The game is not yet complete or available for purchase, but disclosure of its existence on Thursday prompted an outcry in Northern Ireland, where a victims’ rights group said it could retraumatise people.

“They’re oversimplifying what is a very complex issue,” said Kenny Donaldson of the South East Fermanagh Foundation. Victims and survivors could feel “triggered” by the game, he said. “Many will feel that it has the effect of minimising their suffering.”

The proposed game overlooked the conflict’s enduring legacy, said Donaldson. “What would be the likely response of 9/11 families were these US producers to make a comparable board game about 9/11, with players being the FBI, a terrorist murdering pilot?

“The core failure of this initiative is the lack of understanding that ‘the Northern Ireland Troubles’ are not past tense, they remain inextricably linked with Northern Ireland society today.”

The Belfast Telegraph was the first to report that Compass Games, a Connecticut-based company that makes board games based on military history, had a Troubles-themed game available for preorder on its website for $85 (£63.20).

Bill Thomas, the company’s founder and president, told the Guardian the game remained in development and would not be released for several years. “This is not the final version. It’s not even close to being final. It has to be play tested. We’re doing a lot of development on it.”

Compass Games – which makes board games about battles from antiquity as well as more recent conflicts – sought to give an accurate depiction of Northern Ireland’s conflict, said Thomas. “This is to protect history, not to make fun of it.”

The game was designed by Hugh O’Donnell, a secondary school teacher in Scotland, and delves back to Westminster’s 1886 home rule bill to explain the trajectory of Ireland’s partition and the evolution of Northern Ireland.

“I was expecting 20 or 30 pages of rules, that’s not what I got,” said Thomas. “It was far more complex and over 200 pages. That’s why it’s taken so long to go through development and play testing.”

In the current iteration, two to six players adopt the role of a “faction” – such as security forces, the IRA, loyalist paramilitaries or nationalist or unionist politicians – and attempt to prevail over opponents while navigating political and security currents.

Paramilitaries have the option of attacking or colluding with security forces – the IRA mole known as Stakeknife is cited and political factions can choose between backing terrorism, contesting elections and sharing power.

The instructions read: “Each faction may use primary and secondary actions analogous to its real world counterparts, or may choose from the 259 rich narrative cards, divided into eight key epochs in Northern Ireland’s recent history.”

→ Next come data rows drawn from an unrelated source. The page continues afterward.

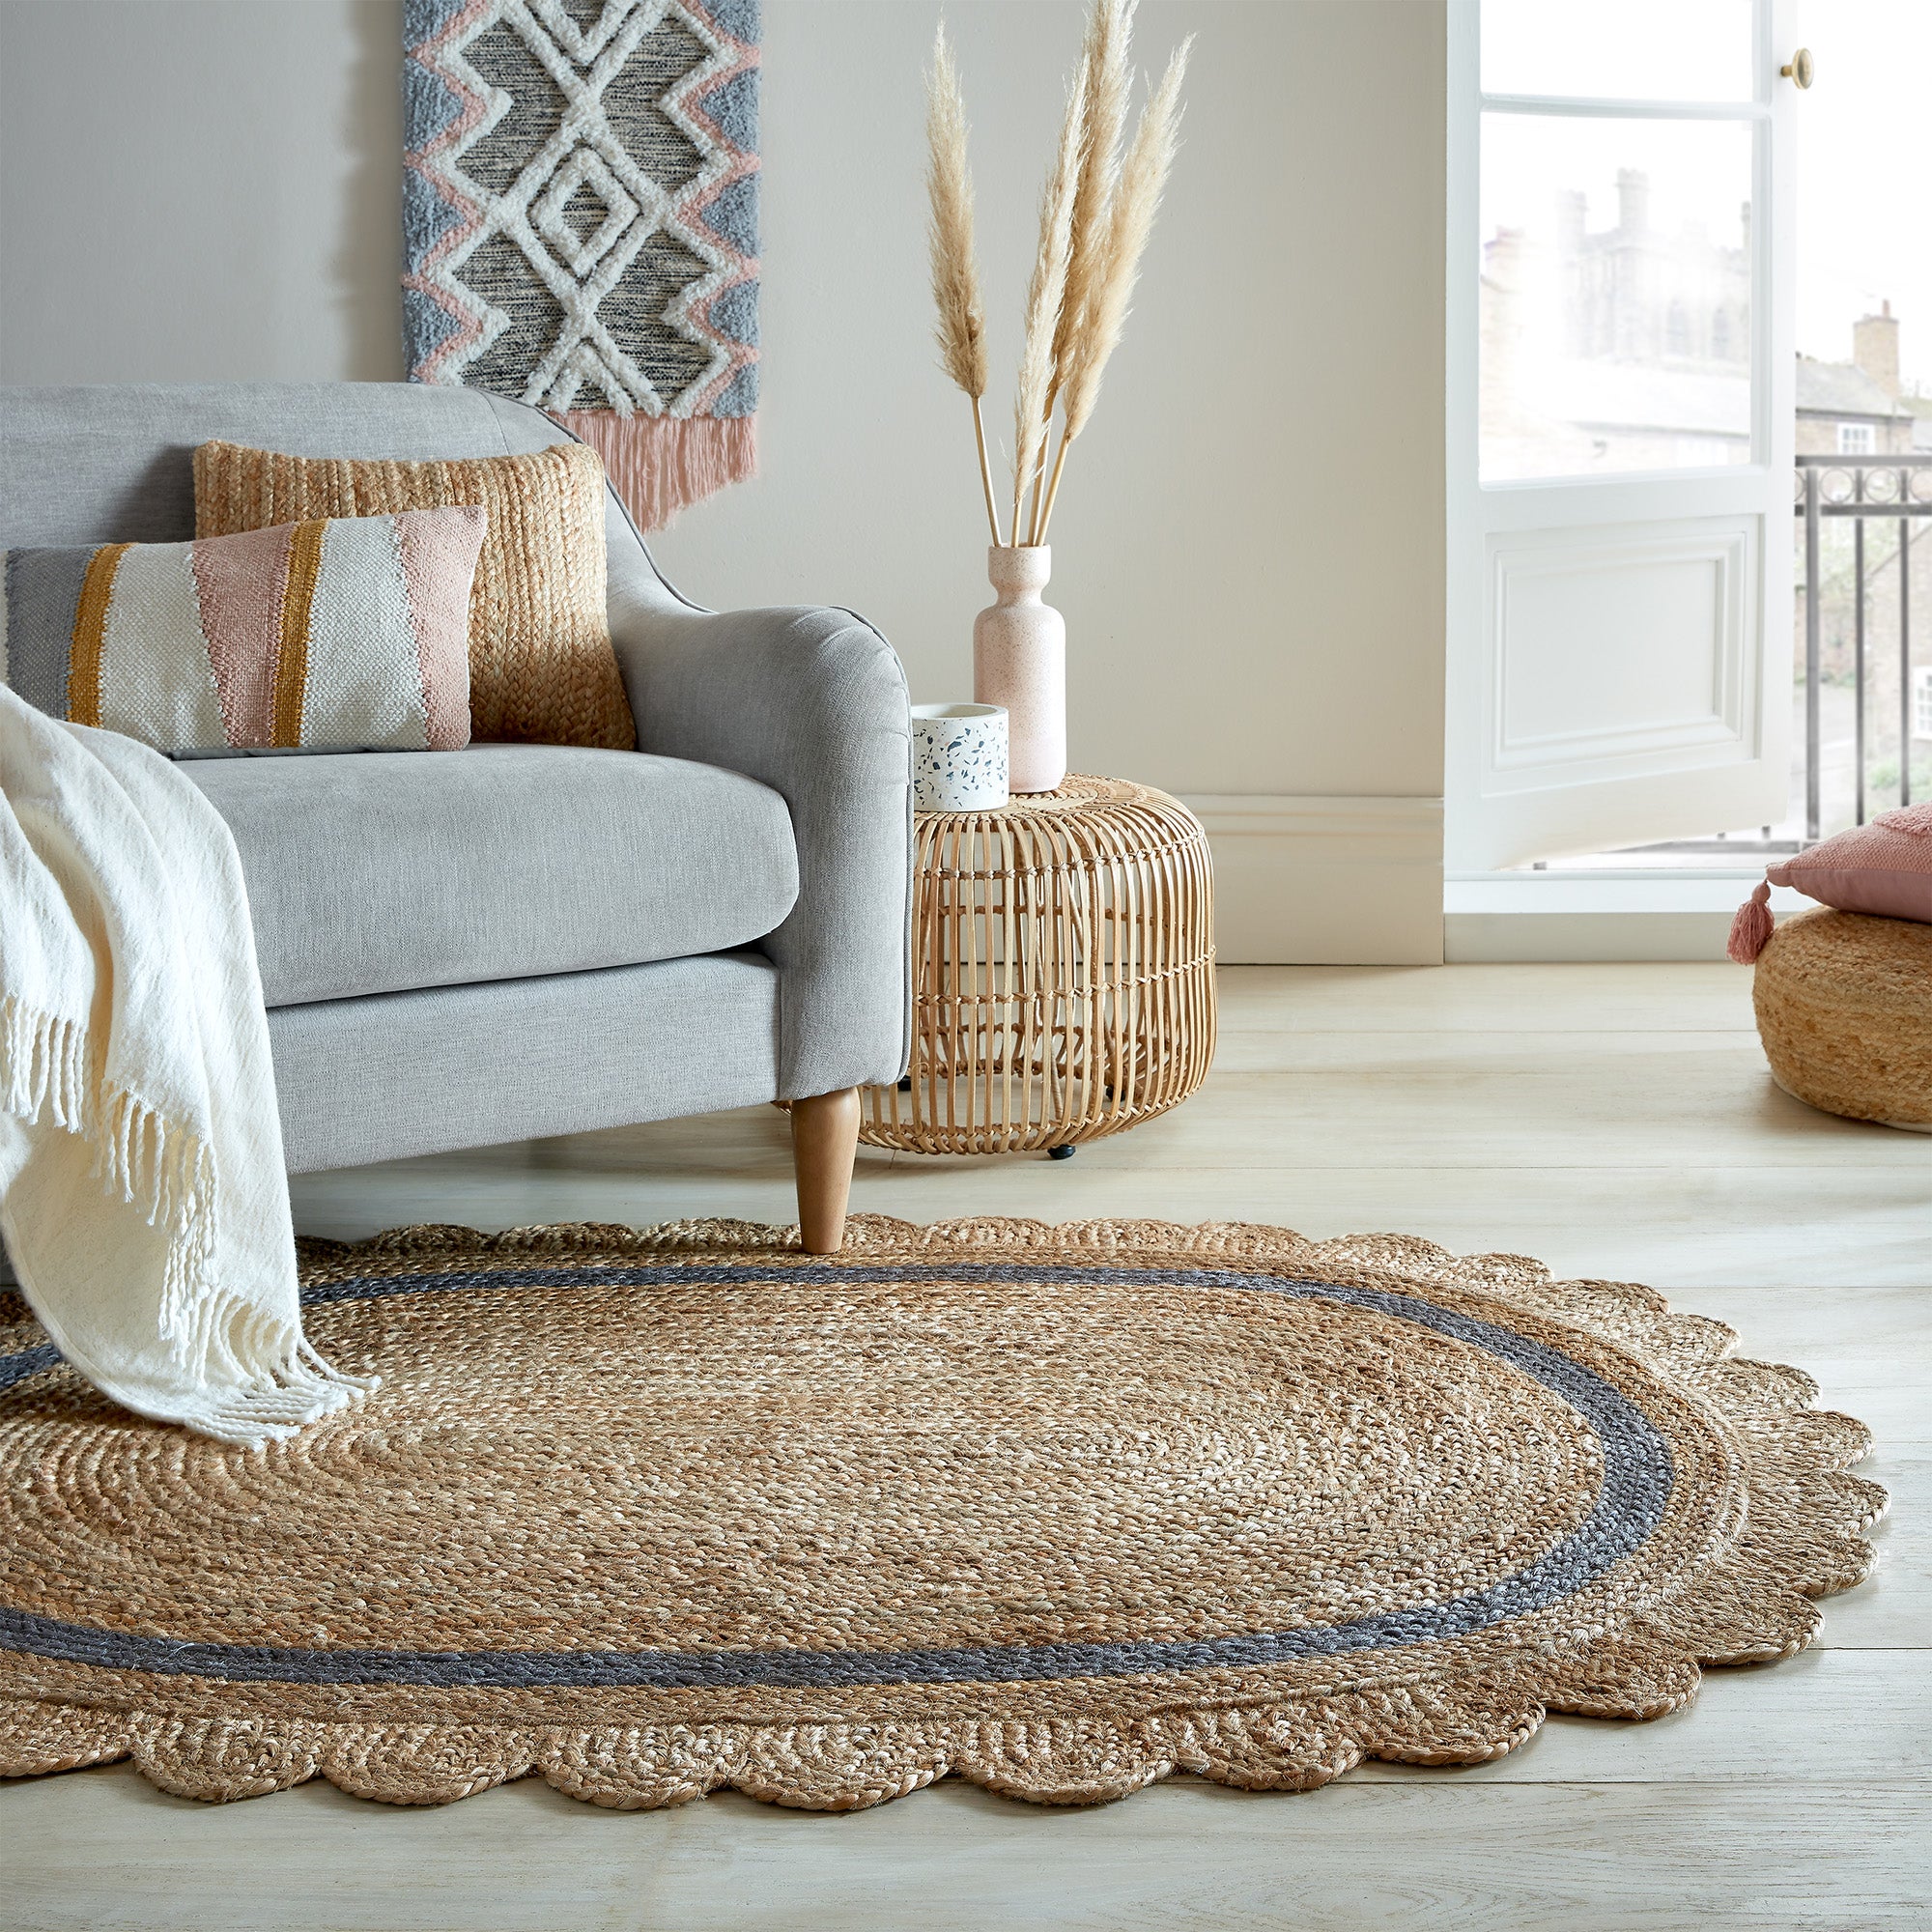 Oval Braided Jute Rug in Cream White, Grey, Black, Navy Blue Border, Oval  Jute Rug for Outdoor and Indoor, Scalloped Oval Jute Rug 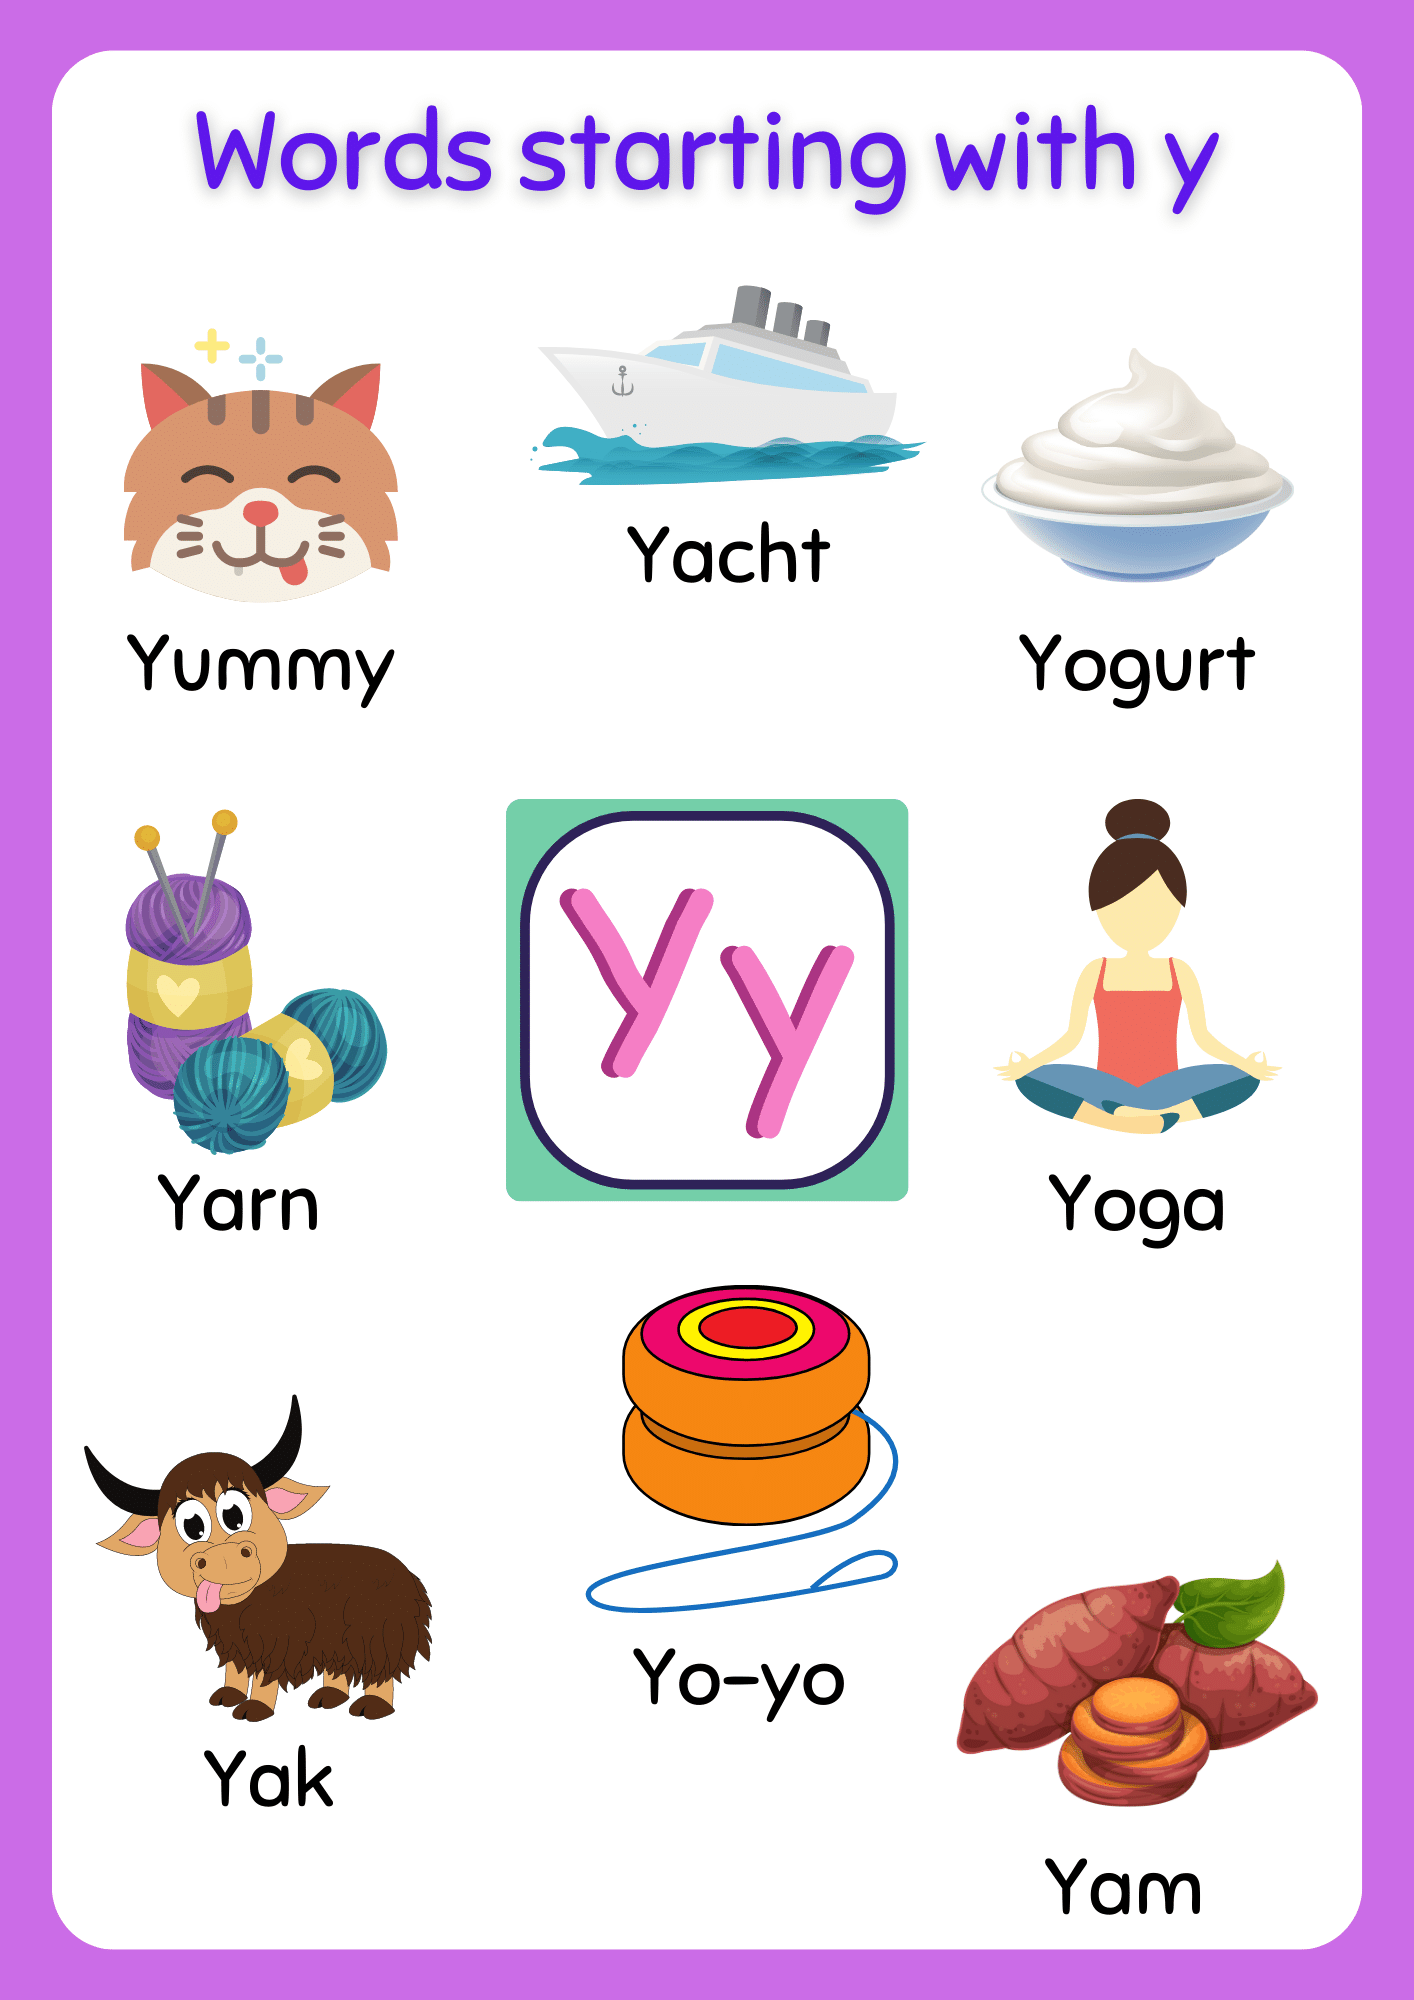 Words that start with Letter Y Vocabulary List of words with Y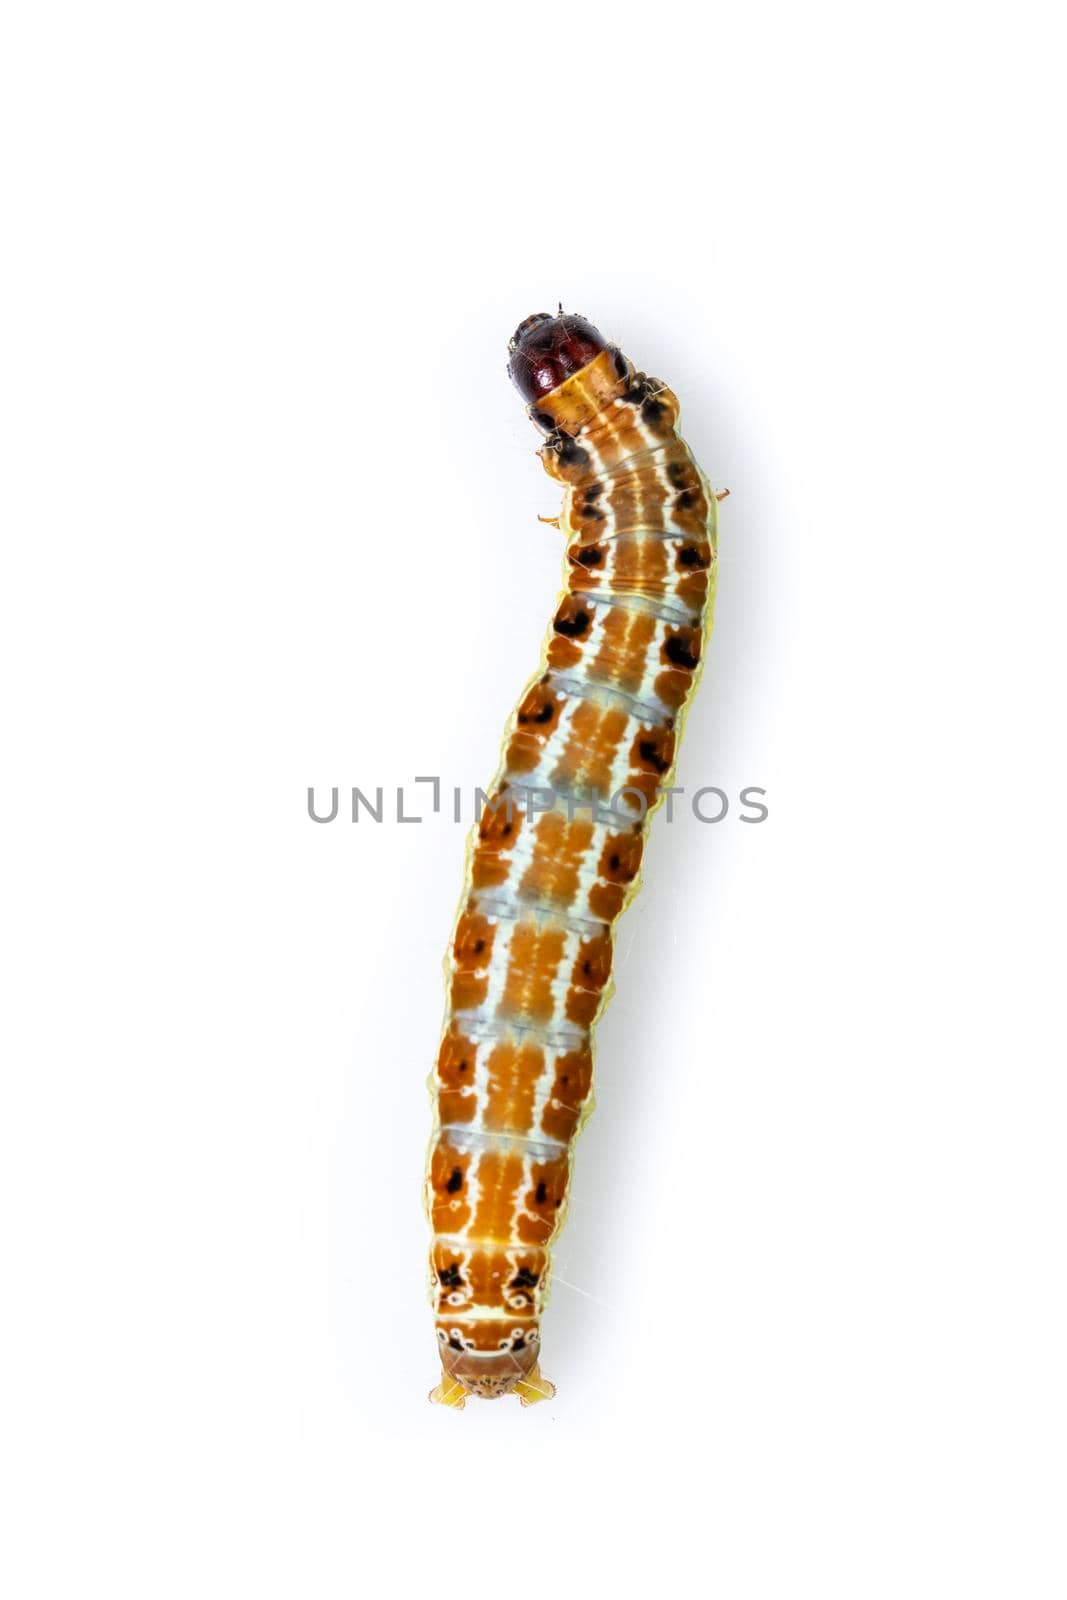 Image of brown pattern caterpillars isolated on white background. Animal. Insect. by yod67

Epochs include the “bloody years” of the early 1970s, the “iron and hunger” of the early 1980s when Margaret Thatcher battled republican hunger strikers and the “target mainland” campaign of the mid 1980s, when the IRA launched high-profile attacks in England.

In addition to maps, sheets and markers the game includes blue cubes representing “RUC troops”, blue cylinders representing RUC bases, black octagons representing IRA active service units and black cylinders representing IRA bases. British military units are tan, loyalist paramilitaries are red, unionist politicians are orange and nationalists are green. There is also a “historical playbook” and a “rules booklet”.

The Troubles game would be an educational tool, said Thomas. “Kids in their 20s and 30s in America know nothing about history. You have to make it interesting.”

People in Northern Ireland endured a “tough time” but outsiders would be oblivious unless the history of the Troubles was told in engaging ways, said Thomas. “Do you want that memory to never exist, for no one outside Northern Ireland or the UK to understand that it ever happened?”